Appalling, hair-raising and shocking descriptions. Reb Shlomo ben Reb Shimon, and a number of other historians of those days, don't judge, don't attempt to find halachic justification for the self-slaughter of the people of Mainz.

It seems as if the members of these sacred communities were not afraid of the punishment and the tortures they were destined to suffer. Physical suffering didn't frighten them. They feared being forced to convert to Christianity. They feared that they might be killed and that their tender children would remain prey to the wretched baptismal waters.

Regarding the souls of their children, they took no chances. They maintained that it was permissible to kill them as Jews, in order to prevent them from converting to the enemy faith. Yehoreig ve'al ya'avor. Of course before taking the final step, they attempted every possible means of escape: bribery, fleeing to the fortresses, by seeking the help of the secular ruling power, and by begging for mercy.

When all these attempts proved futile, they took their own lives.

Subsequent Crusades

This occurred during the first Crusade. After that, there were two more major Crusades: the second in 1144 (4904) and the third about 70 years later. There were other minor Crusades as well. Some count up to nine. Not all of them reached their final destination -- the Holy Land. But on the way, all of them wreaked havoc on to the Jewish communities which had tried to restore themselves between Crusade and Crusade hoping, each time, that the evil had passed.

The communities which suffered most were those of France and Germany. But other communities were also the objects of the destruction caused by the supposed religious zeal of the bearers of the Christian symbol.

The Third Crusade

The third Crusade, headed by Richard the Lionhearted, the King of England, resulted in the destruction of the Jewish communities of that country, in London, Norwich, Stamford, Lincoln and especially York where there was a great massacre on erev Pesach, and which became a symbol for hatred of the Jew and the symbol of kiddush Hashem. England had not participated much in the first two Crusades but, unfortunately, they made up for it in the Third Crusade.
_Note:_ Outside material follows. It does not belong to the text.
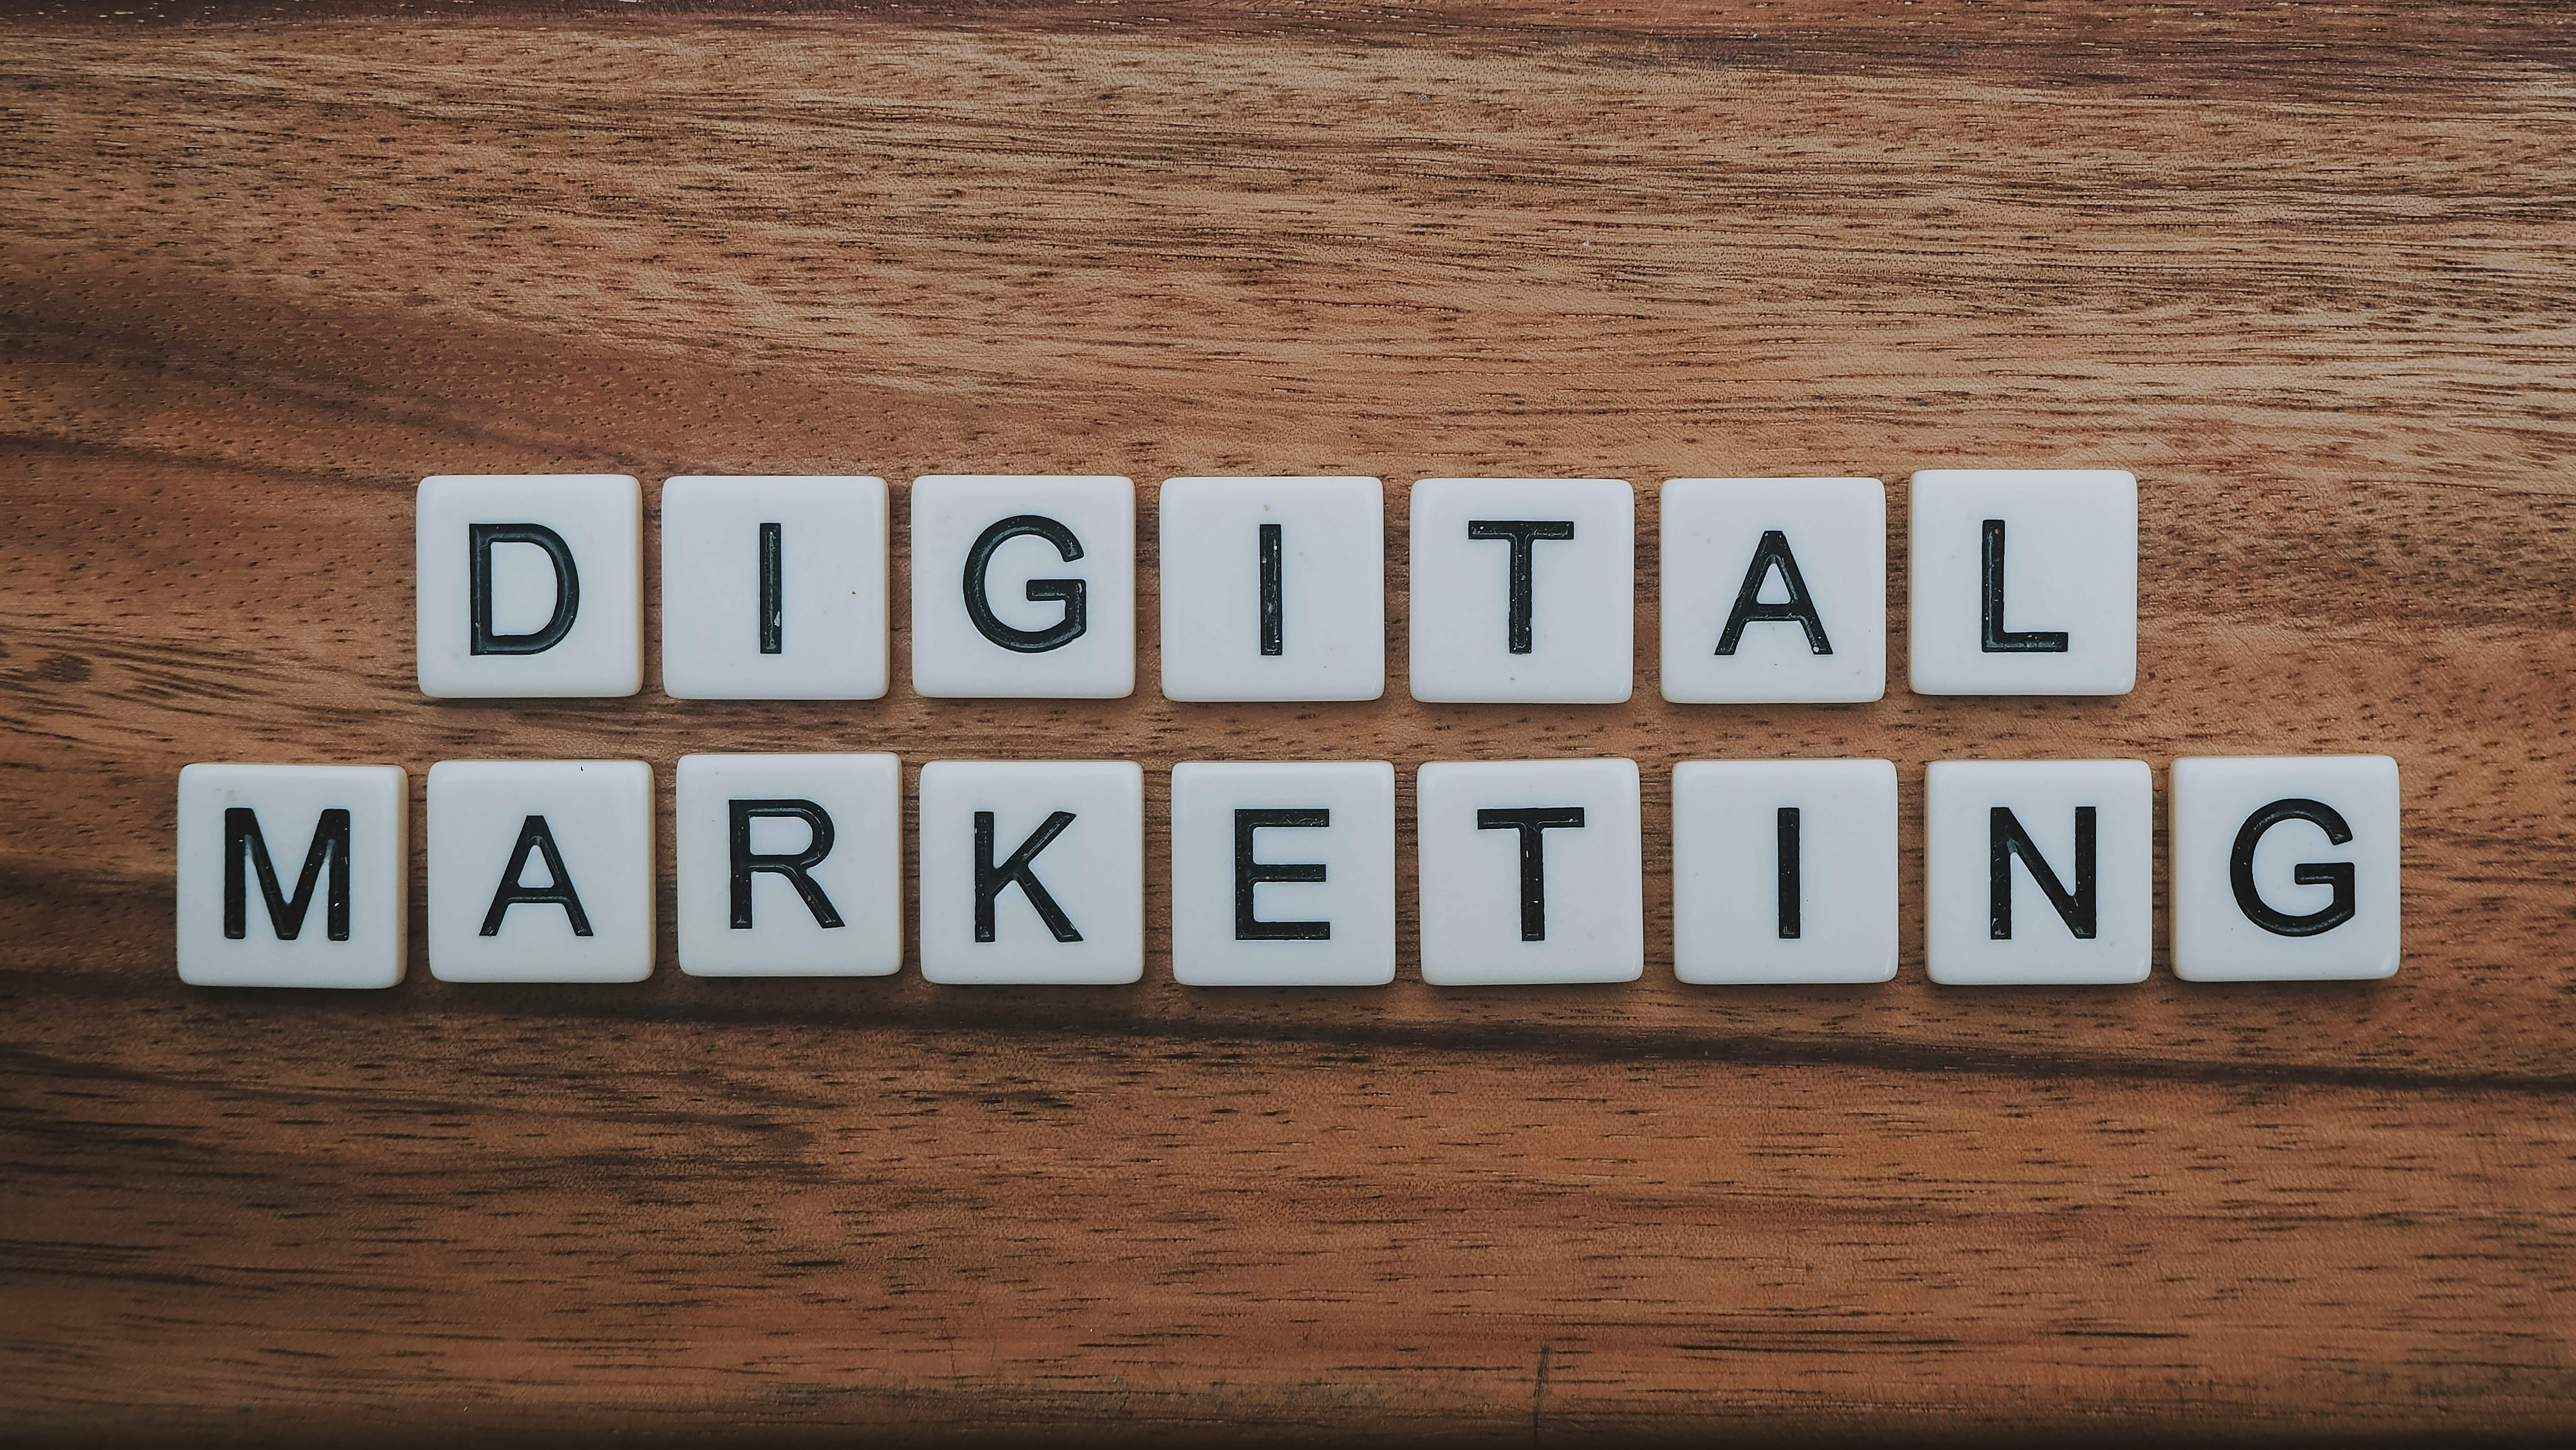 Digitales Marketing

The entire story was related in very detailed form by a Christian writer, William Maniober, who was alarmed by the cruelty and treachery of his coreligionists and awed by the mesiras nefesh of the Jews. In York the motive was clear -- the avaricious rioters were jealous of the vast wealth of two Jews, Benedict and Yosetzi, whose lifestyles were a bit opulent and flamboyant. Some Christian nobility also sought an easy way out of their debts to the Jews. Thus, in the name of the cross, they began a pogrom. The Jews fled to the fortress at the top of the mountain, the Castle Keep, taking their money with them. Whoever was caught outside was either forcibly baptized or killed.

They could not simply storm the fortress, so they laid siege to it. After a prolonged siege, the fortress seemed about to fall.
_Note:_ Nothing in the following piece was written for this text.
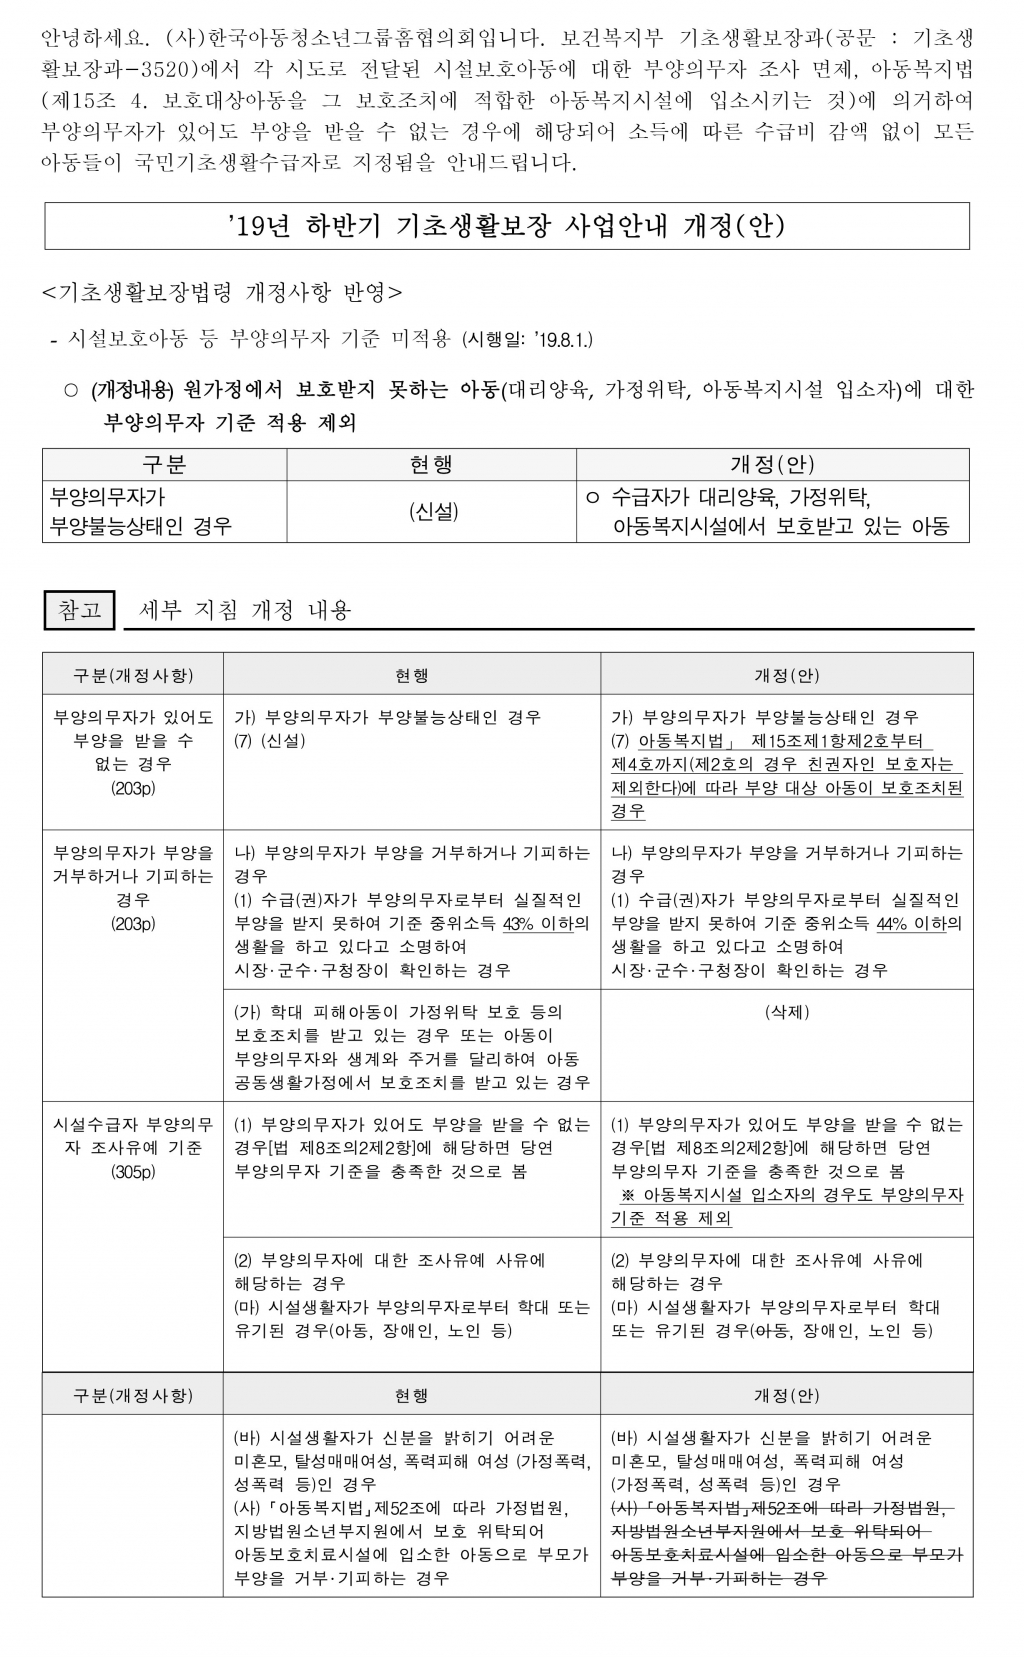 19년 하반기 기초생활보장 사업안내 개정(안).jpg

"Among them was an elderly man known as a great Torah sage [HaRav Yom Tov ben Yitzchok of Joigny]. They say that he had come from the coastal countries in order to spread Torah among England's Jews.

"It was he who determined: `You see that death awaits us. [Do not] think, that for the sake of these brief earthly days, we must abandon our sacred Torah and choose to live a life of heresy, a life which is more difficult than death . . . We must choose the more honorable manner of death. If the Creator Himself demands that we return Him the life He gave us, let us do so willingly and as a sacrifice."

That is what they did. They set fire to their possessions and slaughtered each other and themselves. Whoever tried to flee was trapped by the fire set by the martyrs. More than 150 died this way. The remaining Jews, who tried to surrender to the rioters, were murdered in various ways. The sights of the city were horrifying. Corpses were strewn beside the fortress, while the rioters, after completing the massacre, approached the cathedral and forced the terrified guard, by means of threats, to cancel the promissory notes which oppressed the Christians. The rioters then burned the register of all the debts in a festive bonfire in the church. "And in that manner they freed themselves and many others from these debts, which the monarchy had said should be paid. Immediately afterward, they donned the cross and set out on the Crusades."

Led by a goose and a goat to guide them on the way (especially when they searched for Jews), headed by the kings of France, Germany, England and other countries, and followed by a motley crowd of riffraff, fanatic monks, glory-seeking knights and slave traders, the Crusaders set out on the long trek toward the Holy Land.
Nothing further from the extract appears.